WINDHOEK: Police yesterday found the burned wreckage of a Mozambican Airlines plane the day after it went missing in northeastern Namibia, saying none of the 33 people aboard had survived.
The crash in the remote, swampy terrain of Namibia’s Bwabwata National Park killed victims from several countries and is one of the worst accidents on record in Mozambique’s civil aviation history.
“My team on the ground have found the wreckage. No survivors. The plane is totally burned,” Willie Bampton, a regional police coordinator in Namibia’s Kavango region, said.
The Mozambican government confirmed the crash and said it would declare a period of national mourning for the victims.
“The plane was transporting six crew members, and 27 passengers of whom 10 were Mozambican, nine Angolans, five Portuguese, one French, one Brazilian and one Chinese,” said Mozambican Transport and Communications Minister Gabriel Muthisse.
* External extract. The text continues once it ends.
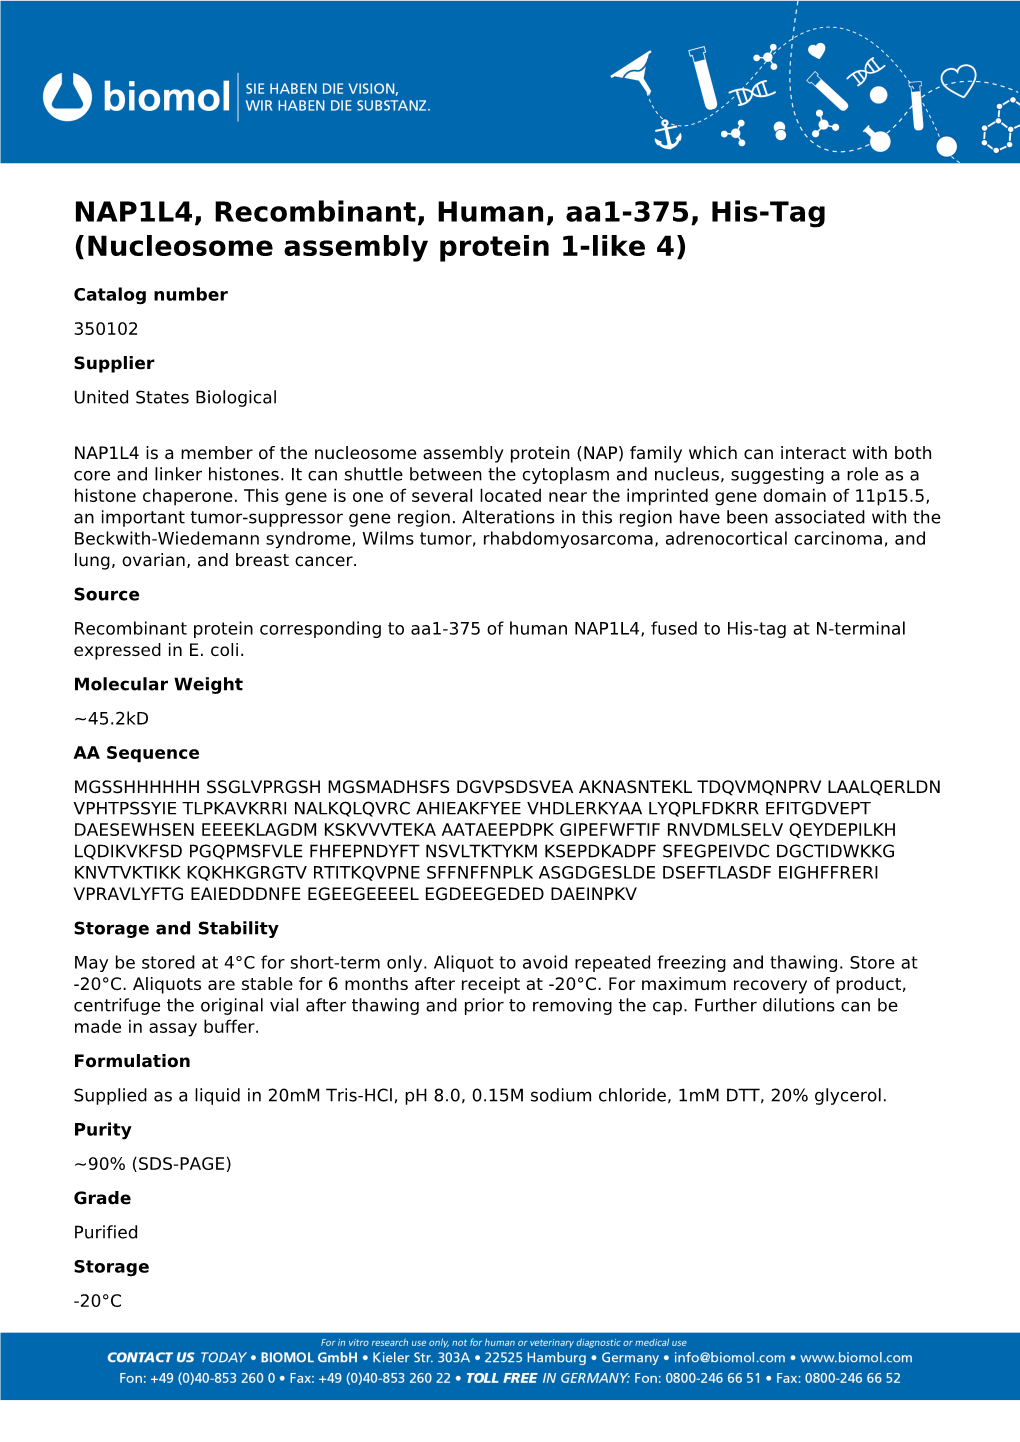 NAP1L4, Recombinant, Human, Aa1-375, His-Tag (Nucleosome Assembly Protein 1-Like 4)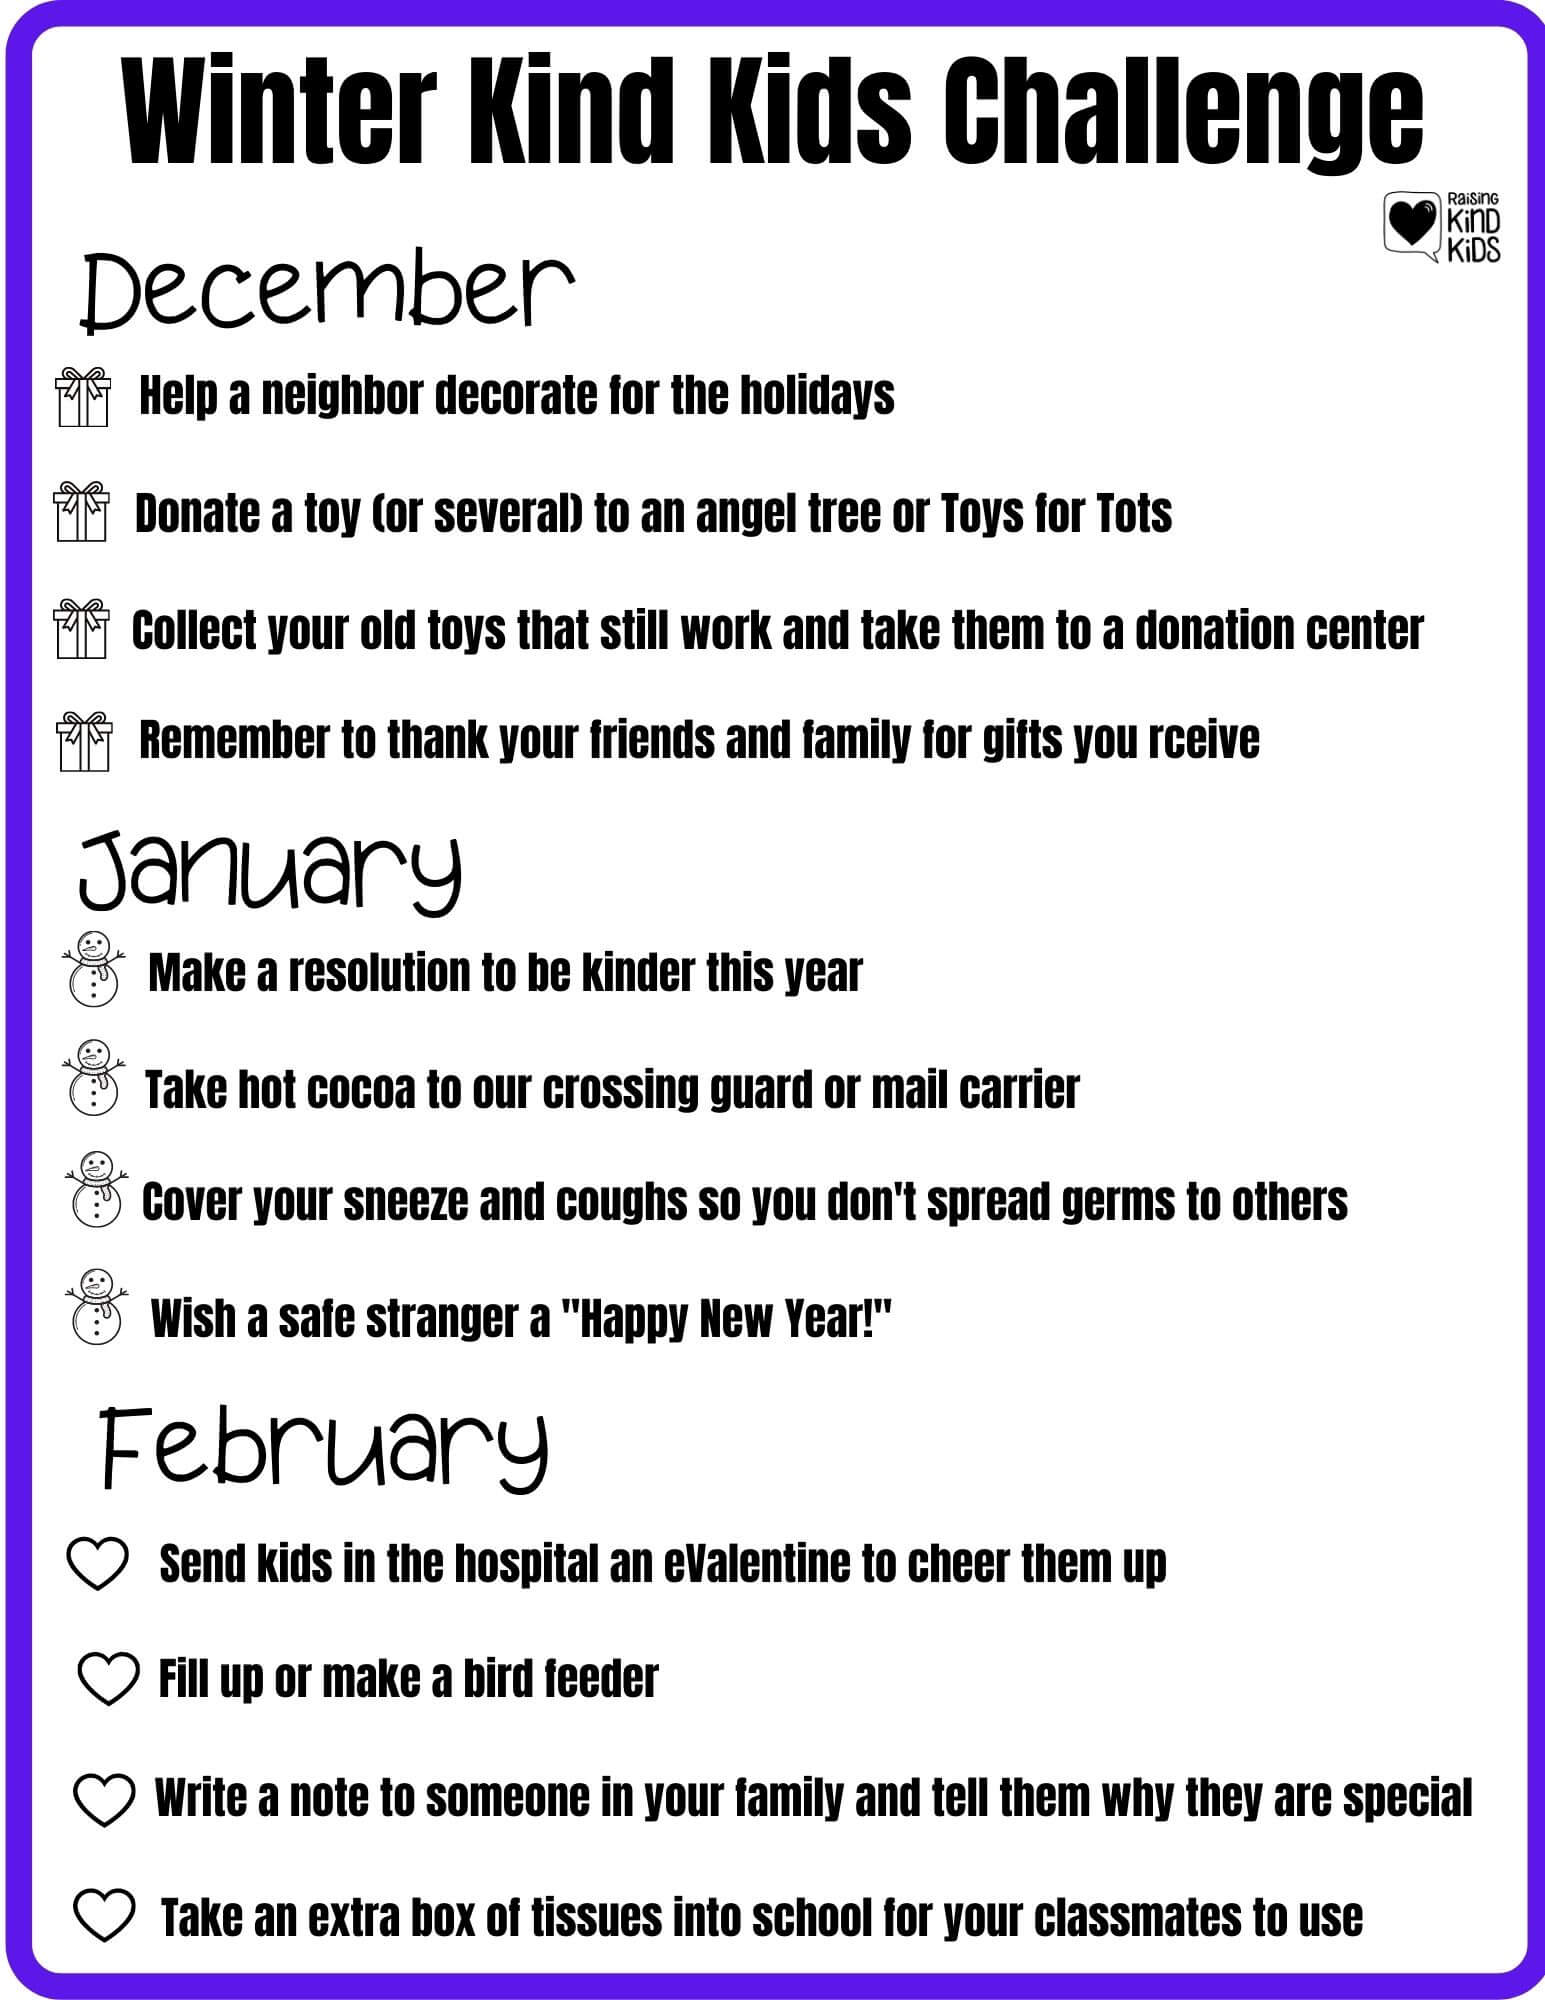 This winter kind kids challenge will help kids be kinder to those around them. This is perfect for December kindness activities for kids. #kindnessactivities #kindnessactivitiesforkids #kindkids #kindnessmatters #kindnesschallenge #kindnesschallengeforkids #winteractivitiesforkids

In Portugal, the foreign ministry said the Brazilian in fact had dual Portuguese-Brazilian nationality. The plane, en route from Mozambique to Angola, went down in the deserted terrain of the Bwabwata park, where Namibia turns into a narrow strip of land sandwiched between Botswana and Angola.
Mozambican authorities confirmed it was a Brazil-manufactured Embraer 190 aircraft and said it was the newest plane in the airline’s fleet.
Embraer issued a statement confirming the crash and extending “its support to investigating authorities, in pursuit of the causes of the accident.”
It said a team of its technicians would go to the scene. The European Union banned the airline, known in Portuguese as Linhas Aereas de Mocambique (LAM), and all air carriers certified in Mozambique from flying in its airspace in 2011, citing “significant safety deficiencies”.
The concern was about Mozambique’s civil aviation authority, rather than the track record of the various airlines.
The flight, MT 470, flight took off from Maputo at 0926 GMT on Friday for the nearly four-hour flight to the Angolan capital Luanda. With 100 seats, it was two-thirds empty. Last contact with air traffic controllers was made at 1130 GMT over north Namibia during heavy rainfall.
Namibian police sent a search team to the area after Botswanan officials alerted them of a plane crash. “Botswana officials informed us that they saw smoke in the air and they thought the crash happened in their country, but when they came to the border they realised that it was in Namibia,” said the Namibian regional police coordinator.
The search for the plane was hampered both by the rough terrain and torrential rains pounding the area, he said. “There are no proper roads, you have to go through the bush slowly and it’s making our job difficult,” he said.
Portuguese President Anibal Cavaco Silva published a condolence message to victims’ families.